Total ECS aid is up $177 million this year; starting July 1, it will stand $233 million over 2010-11 levels.
Malloy and the legislature also repealed a controversial system established in the mid-1990s that allowed the state to scale back payments into an already grossly underfunded worker pension system.
That change and another reform added about $100 million per year to pension contributions.
“The surplus number is a real number, and it is a reflection of the choices that the governor and the legislature made,” said Comptroller Kevin P. Lembo, a Democrat.
The governor and lawmakers have enacted real reforms that have improved state finances dramatically from the $3.7 billion deficit projection Malloy inherited three years ago, Lembo said.
Putting operating costs on the credit card
But the comptroller also acknowledged that despite improving revenue numbers, the projected shortfall after the election is a concern. And while he didn’t recommend any specific amounts, Lembo said officials should keep a lot of the projected surplus.
“The primary action has to be a significant contribution to the budget reserve fund,” he said.
That’s because a big part of Malloy’s fiscal cushion comes from borrowing and related moves, not from a booming economy.
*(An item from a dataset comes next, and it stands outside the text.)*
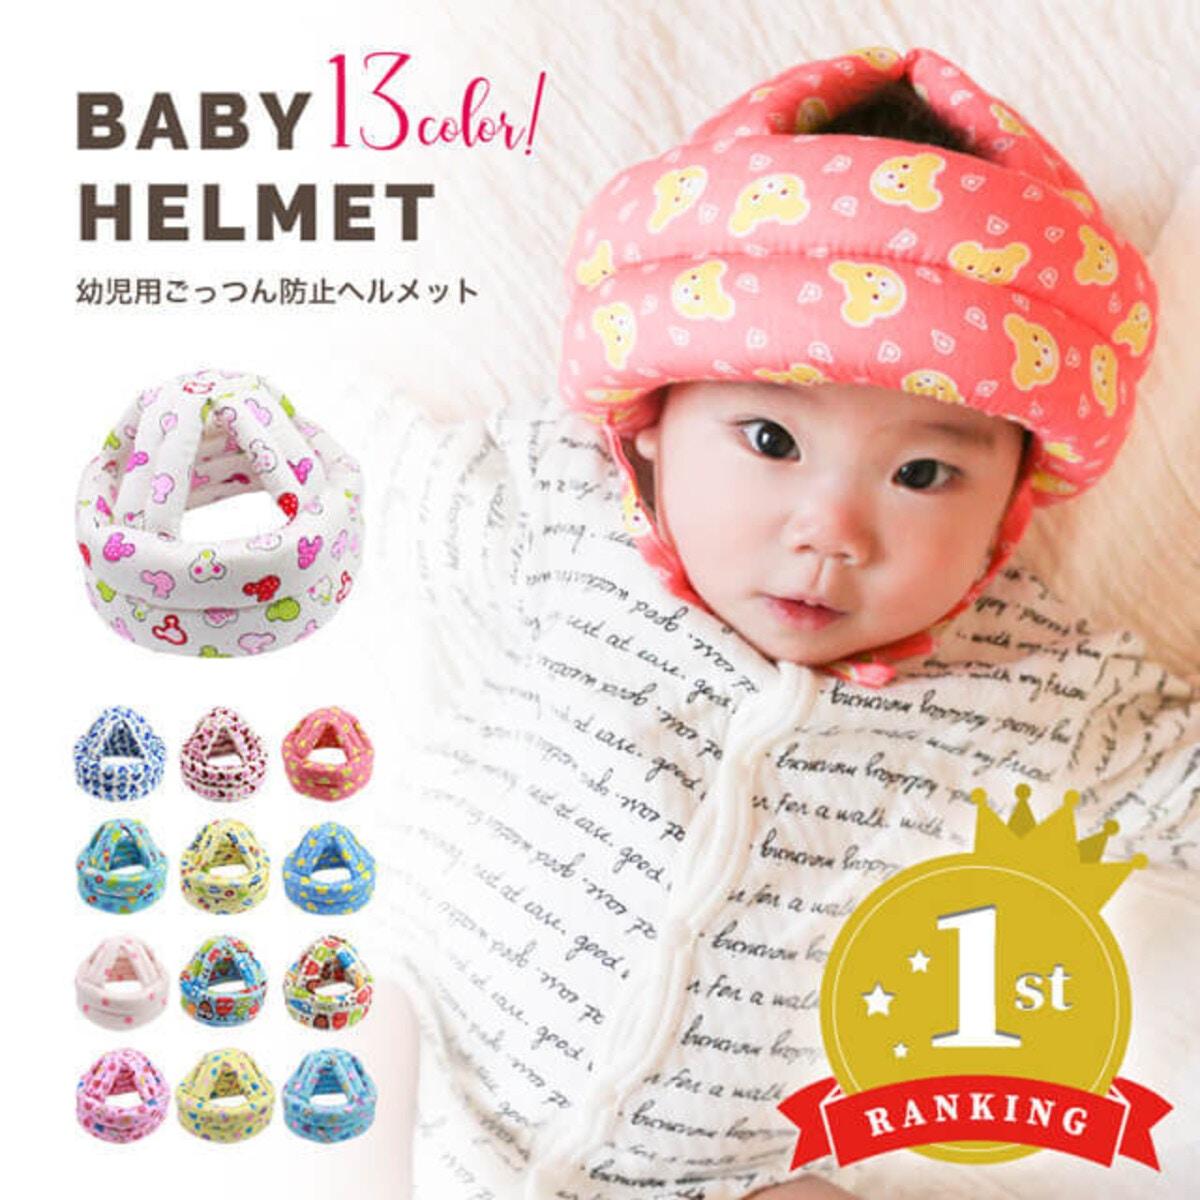 「ベビー ヘルメット 」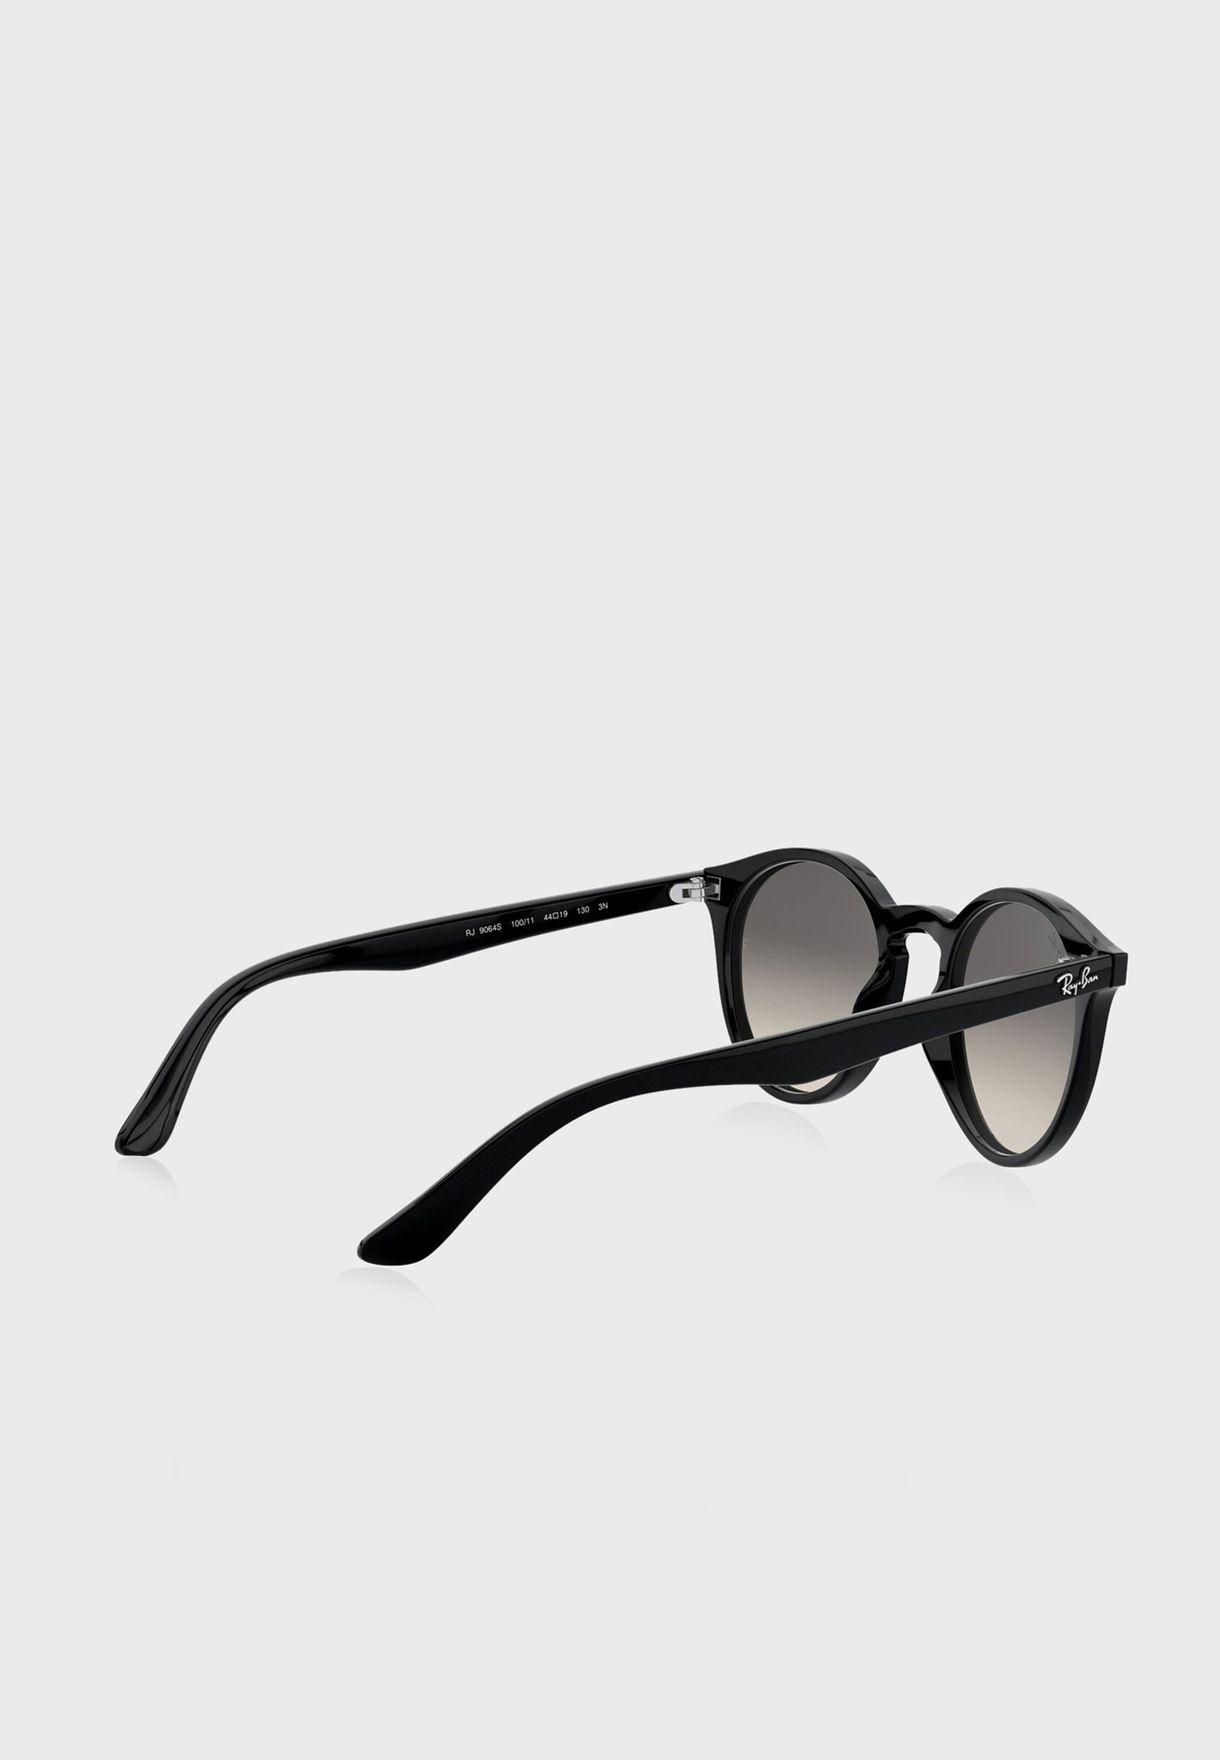 نظارة شمسية بعدسات دائرية 0Rj9064S

Since the governor took office three years ago, close to $1 billion in operating costs have either been deferred or shifted onto the state’s credit card. Malloy criticized these very gimmicks when he was a candidate in 2010.
“Too often over the past 16 years, and especially over the past two years, Hartford’s played a budget shell game; piles of money get moved around, erasers get used, and voila, there’s a ‘balanced budget,’” Malloy wrote in a 2010 campaign policy paper. “It fools only those who want to be fooled.”
Among the steps taken by Malloy and the legislature’s Democratic majority were:
- Canceling an early $222 million debt payment in June 2012. Instead they used $138 million to close a year-end operating deficit and put $94 million into the Rainy Day Fund.
- Refinancing debt to push $392 million in payments owed now until after the election.
- Bonding $173 million in new municipal aid over this fiscal year and next.
- Bonding $57 million for pollution abatement and stem cell research grants that previously were paid for out of the operating budget.
- Borrowing an extra $39 million so that debt payments tied to converting state finances to Generally Accepted Accounting Principles could be deferred until after the election.
The last area centers on “bond premiums.” These involve bonds sold for an extra sum above their base value, typically in exchange for the state’s paying a higher interest rate.
In the 2012 and 2013 fiscal years, the state took $118 million in premiums that had not been anticipated in the budget or planned for use to pay off some other debt.
These excess premiums effectively bolstered the operating budget and contributed toward the growing Rainy Day Fund.
Malloy, who must present his next budget to the legislature Feb. 5, was coy Monday about his plans.
“There are a lot things I want to accomplish in the coming year,” he said. “And so I think we’ll be talking about a number of those things before the address on the 5th.”